あらすじ
19世紀のロンドン。生まれつき奇形で醜悪な外見により「エレファント・マン」として見世物小屋に立たされていた青年、ジョン・メリック(ジョン・ハート)。肥大した頭蓋骨は額から突き出、体の至るところに腫瘍があり、歪んだ唇からは明瞭な発音はされず、歩行も杖が無ければ困難という悲惨な状態だった。
ある日彼を見世物小屋で見かけた外科医、フレデリック・トリーブス(アンソニー・ホプキンス)は興味を覚え、研究したいという理由で持ち主のバイツ(フレディ・ジョーンズ)から引き取り、病院の屋根裏部屋で彼の様子を見ることに。

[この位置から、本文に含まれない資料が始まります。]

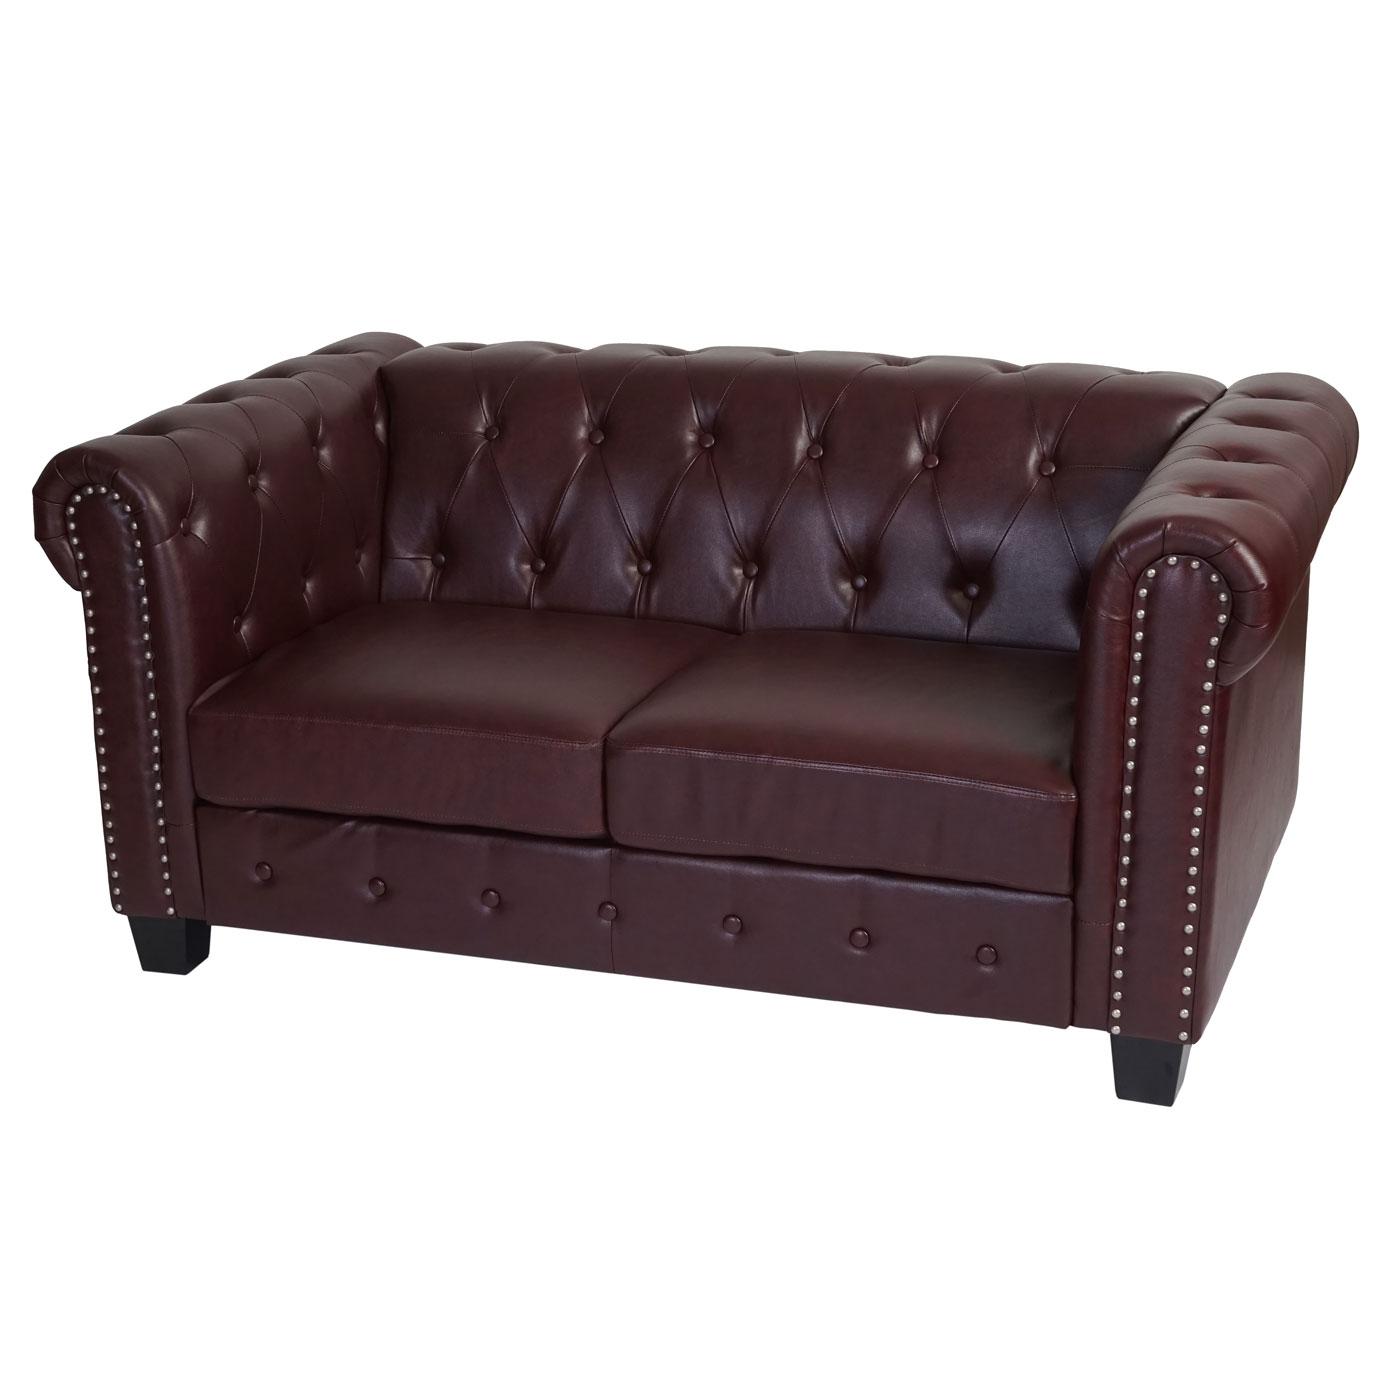 Sofa CHESTER, 2 Sitzer, klassisches und elegantes Design, Leder, quadratische Stuhlbeine, Farbe Burgunder
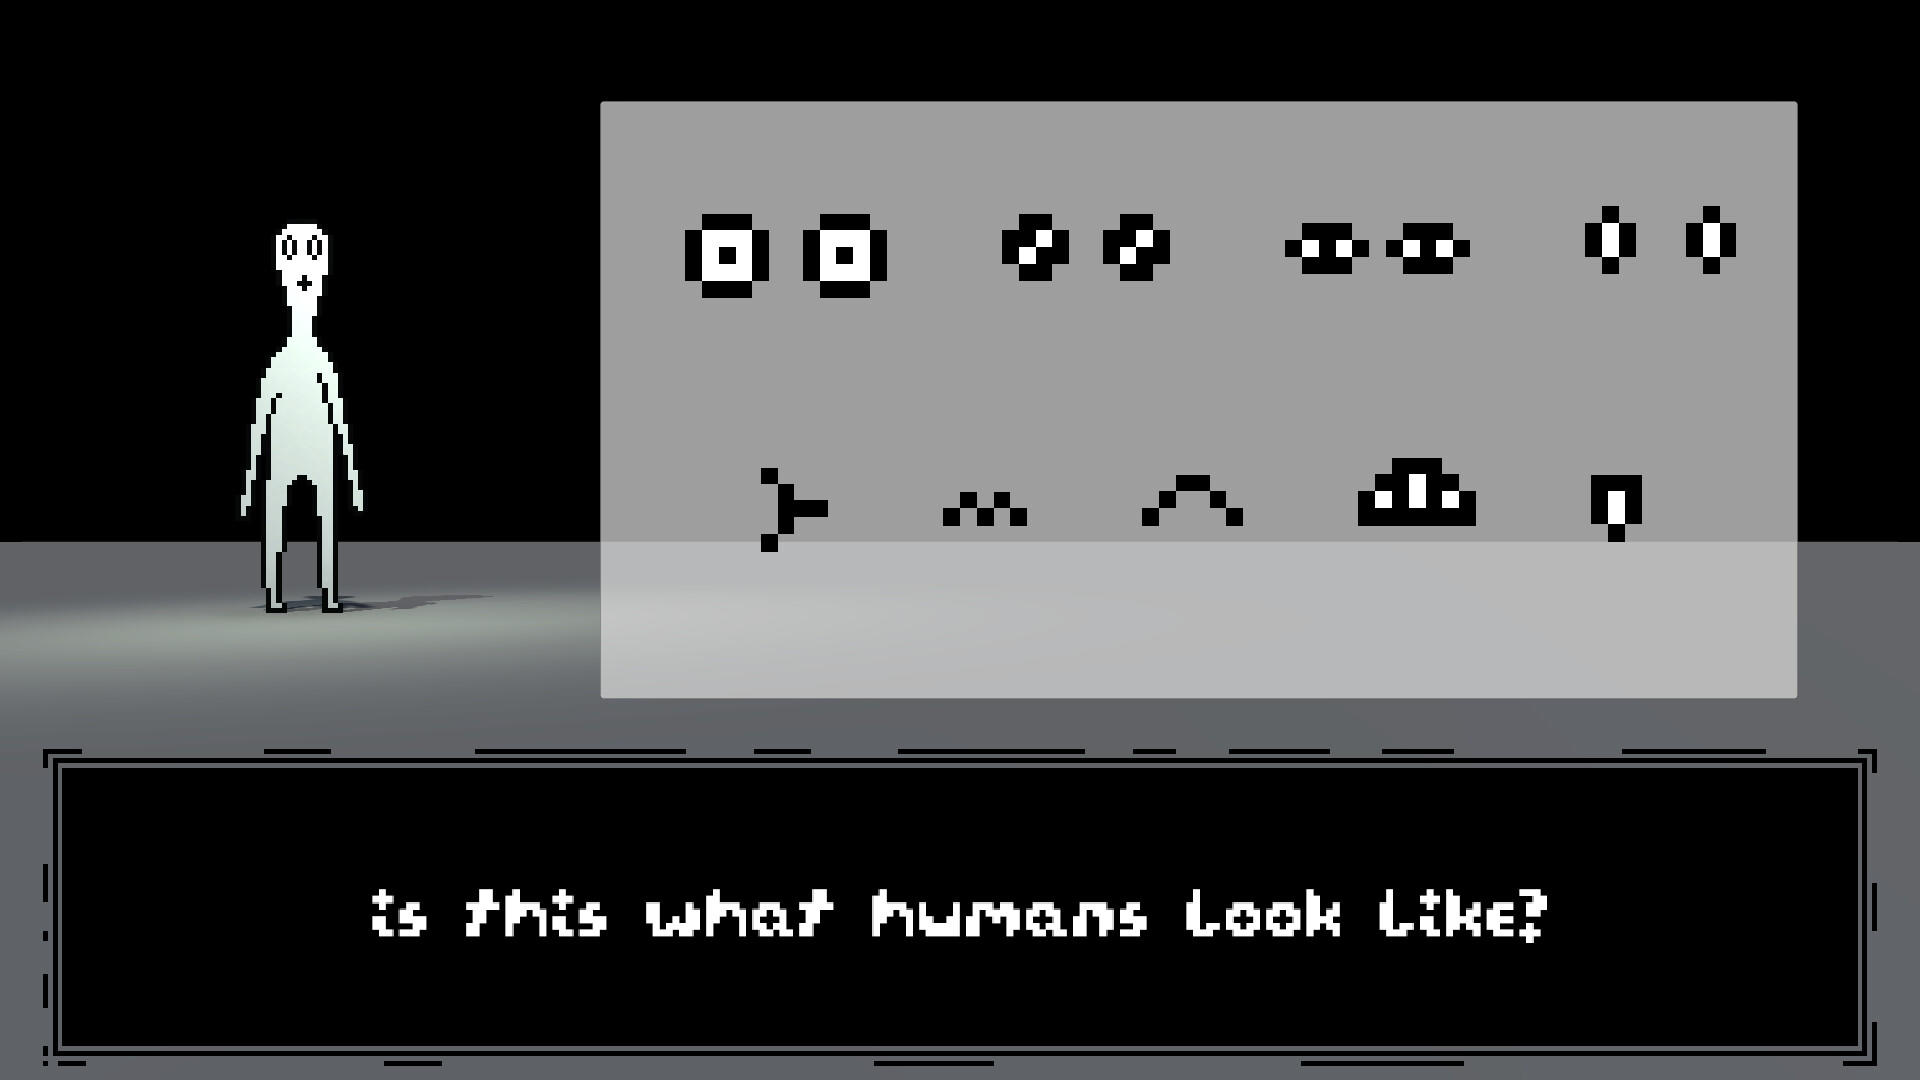 Creatures After Calamity screenshot game

はじめは白痴だと思われていたジョンだったが、やがてトリーブスはジョンが聖書を熱心に読み、芸術を愛する美しい心の持ち主だということに気付く。当初は他人に対し怯えたような素振りを見せるジョンだったが、トリーブスや舞台女優のケンドール夫人(アン・バンクロフト)と接するうちに心を開いていく(wikiより)
エレファントマンのモデル、ジョゼフ・メリックとは
ジョゼフ・ケアリー・メリック(Joseph Carey Merrick1862年8月5日 – 1890年4月11日)は、ヴィクトリア朝時代のイギリスで、今日では主にプロテウス症候群が原因と推測されている身体の極度な変形、膨張から「エレファント・マン」(The Elephant Man)として知られた人物。彼を最初に診察した医師フレデリック・トレヴェスがまとめた回想録を基に作家のバーナード・ポメランスが戯曲にした事から世に広まり映画化され、広く知られるに至った(wikiより)
映画を観た感想
初めてこの映画を観たのは中学生の頃でした。
その頃は経験値があまりにも浅くて、観たときに自分の感情さえ理解することが出来ず、最後のシーンを観たときも言葉に出来ない何かが込み上げてきました。
今改めてこの映画を観たのですが、自分が大人になったことを実感しました。
シーンが移るたびに涙が止まらなくなり、中学生当時の自分がこの映画を観たときに、ジョンを見世物として酷く熱かった人たちや、優しく接しなかった人たち、自分たちと違うからと差別的態度をとった人たちのような人間や大人にだけは決してならないようにしようと思ったこと、医者の奥様や、彼の周囲で親切にしてくれていた人たちのような人間や大人になりたいと思ったことを思い出しました。
映画を観終わった時に、今の自分が映画に出てきた人たちのどの人種に当てはまるのかを考えた時に、自分自身が当時なりたくないと思っていた人間寄りになっている気がして落胆をしました。
あの時の私の気持ちはどこで道を外したのでしょう。
「環境や境遇が人を変える」
エレファントマンと呼ばれたジョンは、かなり酷い境遇で生きてきたと思いますが、それでも綺麗な心や美しいものを愛する心を持ち続けていました。
様々な映画や現実では、酷い境遇で生きてきた人たちは、人や社会や全ての環境を憎み、心も荒むものです。
けれども自分に酷いことをする人たちを恨むような姿勢は映画だからかもしれませんが、ありませんでした。
周囲にも感謝の気持ちを常に抱いていました。
比較するのはおかしいことかもしれませんが、今の私自身は周囲への感謝の気持ちが希薄したことに気付きました。
環境が人を変えると言いながらも、自分の揺るぎない美しいものを愛する心を手放さなかったり、感謝の気持ちにしても、周囲の人たちに優しく接する心にしても、彼は強い人だなと思いました。
外見は大事だとは生きていて実感は日々感じます。
けれども、観ている時から私は人様の目に触れることを恥ずかしく思いました。
人の目に触れるものが容姿ではなく心を具現化したものだとしたならば、きっと道行く人たちの具現化したものは彼の容姿よりももっともっと醜い姿をしていると思います。
中学生の頃よりは理解出来る感情が芽生えたのにも関わらず、まだまだ消化しきれない感情が残っているので、また20年後に改めて観たら、今とは違う気持ちで観れることでしょう。
大人になる…子どもの時にはとても理解できないくらいに、全ての人と平等に接することは難しいです。
偏見の物差しで人を日々測り、簡単に確認をするこたなく、その物差しの結果で距離をとってしまう。
今からでも中学生の頃になりたいと思った大人になれるように日々精進したいと思いました。
それくらいに考えさせられ、自分を律し、改めたいと思えた作品でした。
この歳で再度観て良かったです。